Пипи кивнул. Они сели у самого края, откуда было видно узкую улочку и море вдали. Мир вокруг них был на удивление безразличен. Пара рыбаков в дальнем углу спорила о чём-то своём. Хозяйка кафе лениво поливала цветы в горшках. Никто не оборачивался, не тыкал пальцем, не произносил шёпотом их имена. Либо их действительно не узнали в этой глуши, либо люди здесь были настолько воспитаны, что просто не мешали. Это ощущение было невероятно свободным. Они могли быть просто двумя парнями, сидящими за кофе после визита к врачу. Как будто они были в параллельной вселенной, где не существовало славы, папарацци и прошлых драм. Они просто были.
Пипи осторожно поставил костыли рядом и вздохнул с облегчением. Биллкин наблюдал, как тот невольно трогает место, где были швы, будто проверяя, правда ли они исчезли. В голове у обоих, совершенно независимо, возникла одна и та же мысль, холодная и неумолимая, как морская галька.
Он почти самостоятелен. Нога заживает. Ему почти не нужна помощь. Значит... пора? Пора одному возвращаться в свою виллу. В свою жизнь. А другому... в свою.
Эта мысль висела в воздухе между ними, отравляя вкус кофе. Но ни один из них не решался произнести её вслух. Пипи медлил с кофе, разглядывая узоры на столешнице. Биллкин делал вид, что полностью поглощён наблюдением за проплывающим вдали катером.
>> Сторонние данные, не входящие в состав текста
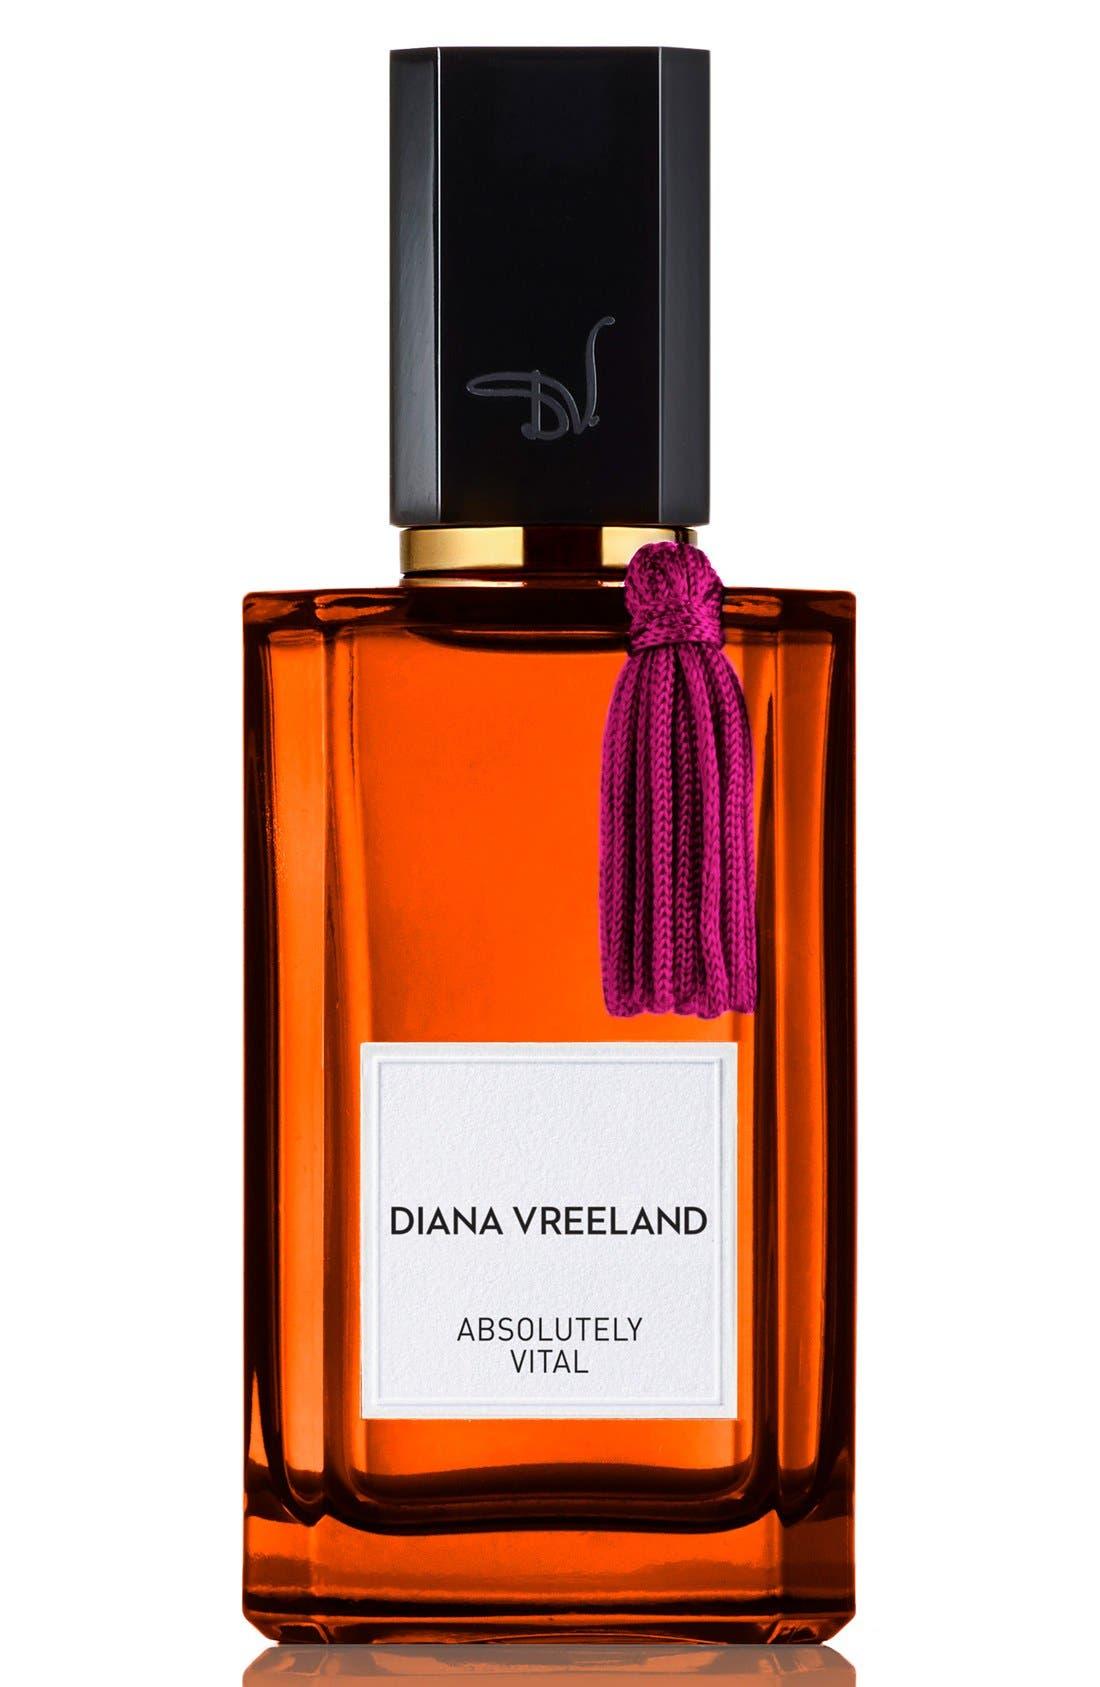 Diana Vreeland 'Absolutely Vital' Eau de Parfum

Им не хотелось расставаться. Эта вынужденная близость, начавшаяся с катастрофы, превратилась в хрупкий, но драгоценный кокон. Внутри него шло тихое исцеление, росли новые ростки доверия. И каждый из них теперь изо всех сил тянул время. Пипи «забывал» сказать, что уже может сам донести тарелку до кухни. Биллкин «не замечал», что Пипи уже вполне уверенно передвигается на костылях по дому, и продолжал предлагать руку. Они играли в эту немую игру, боясь, что первый, кто произнесёт: «Пора», — разрушит что-то невероятно важное, что только начало зарождаться между ними на этом острове, под шум вечного, равнодушного моря.
----------
Биллкину становилось всё труднее просыпаться. Не физически — сон был крепким после дней, наполненных заботой, прогулками и тихими вечерами. Трудность была в другом: в первых секундах ясности, когда сознание просыпалось раньше тела, а рядом, в сантиметрах, дышал Пипи.
Эта пытка началась не сейчас. Она тлела с первого дня, когда он положил его в свою постель, и разгоралась с каждым утром, которое они встречали вместе. Чем расслабленнее, чем безопаснее чувствовал себя Пипи, чем ближе он невольно придвигался к нему во сне, тем невыносимее становилось испытание для Биллкина. Желание не просто лежать рядом, а обладать, чувствовать, знать, что Пипи снова его, накрывало с головой, лишая рассудка. Он не был железным. Он был просто человеком, который любил так глубоко, что даже предательство не смогло убить эту любовь — оно лишь загнало её вглубь, и теперь она рвалась наружу с удвоенной силой.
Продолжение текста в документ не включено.